Kevin Brownlee, Reflections in the Miroër aus Amoreus: The Inscribed Reader in Jean de Meun’s Roman de la Rose
Marina Scordilis Brownlee, Autobiography as Self-(Re)presentation: The Augustinian Paradigm and Juan Ruiz’s Theory of Reading
Robert Hollander, Imitative Distance: Boccaccio and Dante
Nancy J. Vickers, The Body Re-membered: Petrarchan Lyric and the Strategies of Description
Murray Krieger, Presentation and Representation in the Renaissance Lyric: The Net of Words and the Escape of the Gods
Thomas M. Greene, Erasmus’s “Festina lente”: Vulnerabilities of the Humanist Text
Terence Cave, The Mimesis of Reading in the Renaissance
John D. Lyons, Speaking in Pictures, Speaking of Pictures: Problems of Representation in the Seventeenth Century
Michel Beaujour, Speculum, Method, and Self-Portrayal: Some Epistemological Problems
Juan Bautista Avalle-Arce, Novelas ejemplares: Reality, Realism, Literary Tradition
Timothy J. Reiss, Power, Poetry, and the Resemblance of Nature
Contributors
Notes
Index
About the editors
John D. Lyons is Commonwealth Professor of French at the University of Virginia, where he has taught since 1987; he was previously professor of French and Italian at
Dartmouth College. He is the author of A Theatre of Disguise; The Listening Voice; The Phantom of Chance: From Fortune to Randomness in Seventeenth-Century French Literature;
Before Imagination: Embodied Thought From Montaigne To Rousseau.

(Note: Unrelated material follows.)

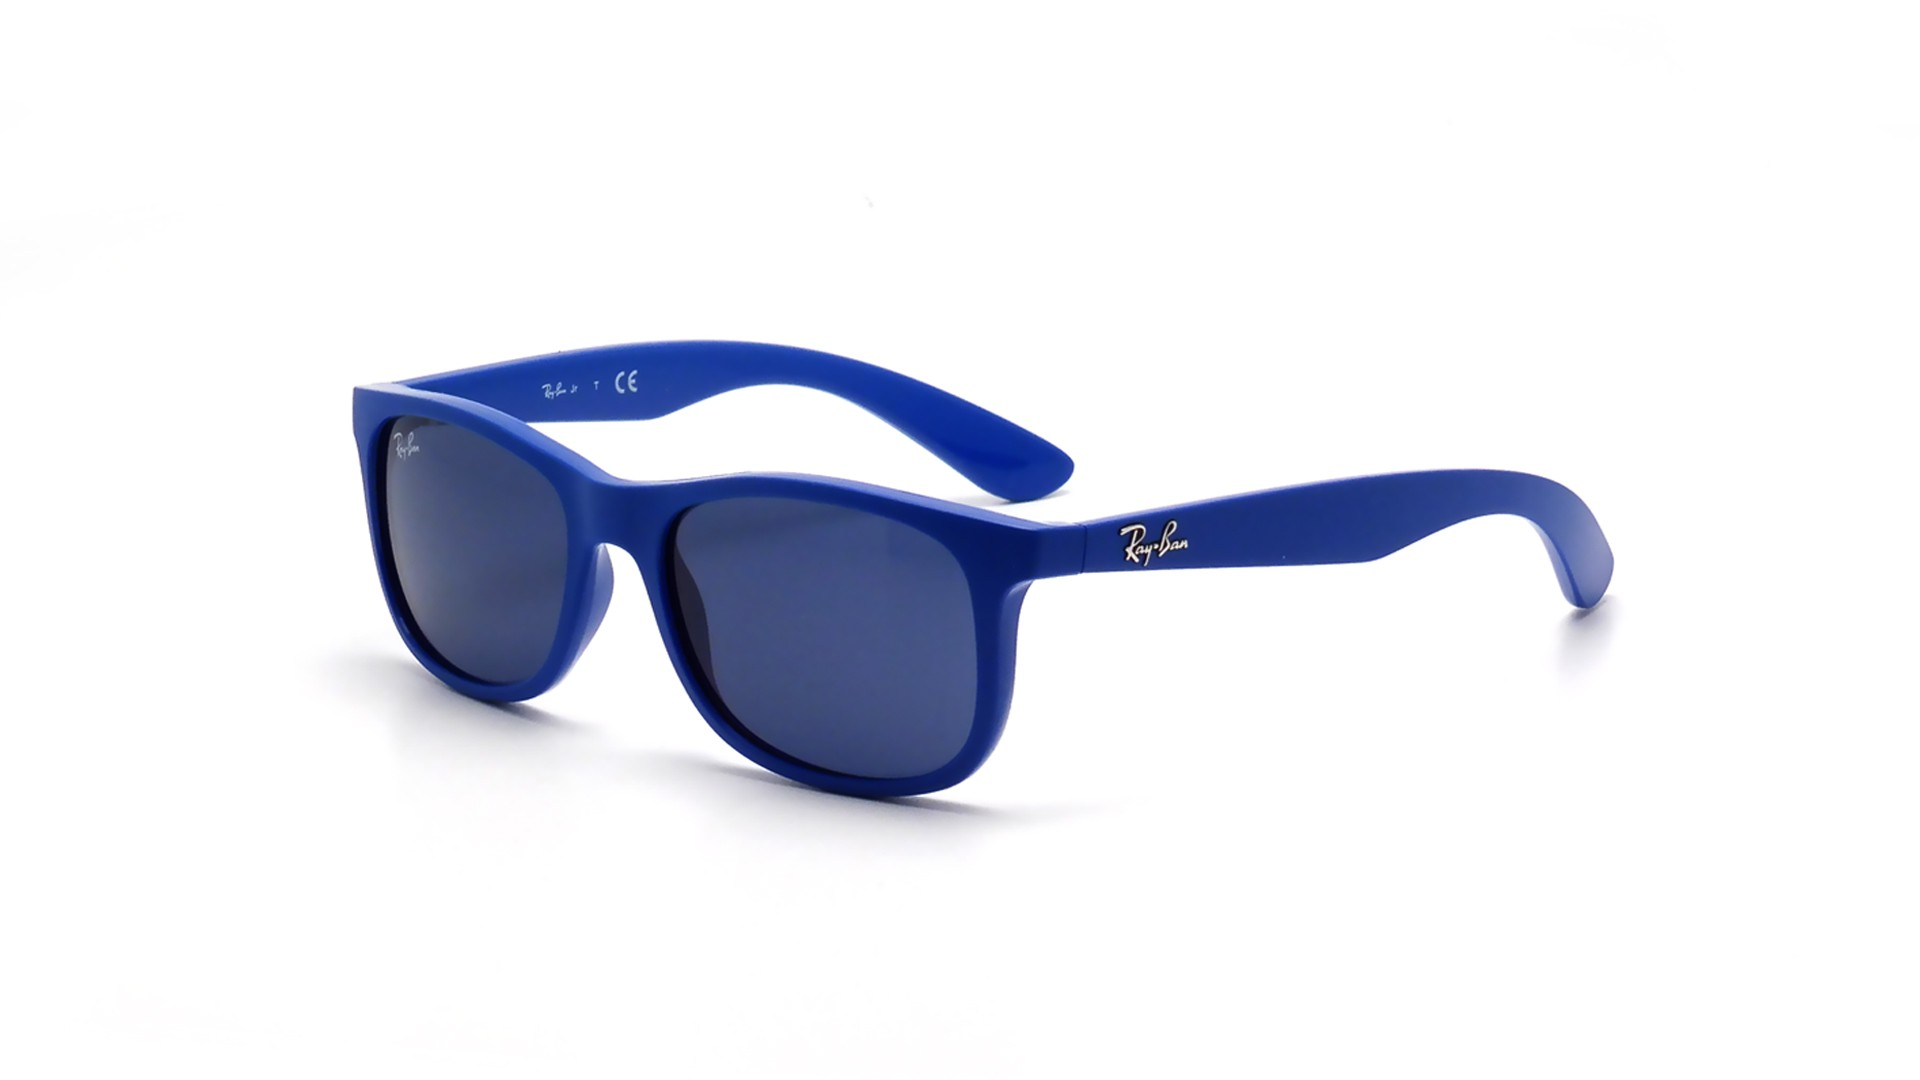 fe6cceb0940 Sunglasses Ray-Ban RJ9062S 701780 48-16 Blue Junior

Stephen Nichols, James M. Beall Professor of French and Humanities at Johns Hopkins University, specializes in medieval literature and its interactions with history, philosophy,
and history of art. He holds an honorary doctorate from the the University of Geneva and was made an Officier de l’Ordre des Arts et Lettres by the French Government. In
2008, he received a Research Prize from the Alexander von Humboldt Foundation. In 2010, he received a Mellon Emeritus Research Fellowship.Recent publications include
Rethinking the Medieval Senses; L’Alterite du Moyen Age; Medievalism and the Modernist Temper; The Whole Book; The New Medievalism; and Mimesis from Mirror to Method, Augustine
to Descartes. Romanesque Signs received the Modern Language Association's James Russell Lowell Prize for an outstanding book by an MLA author.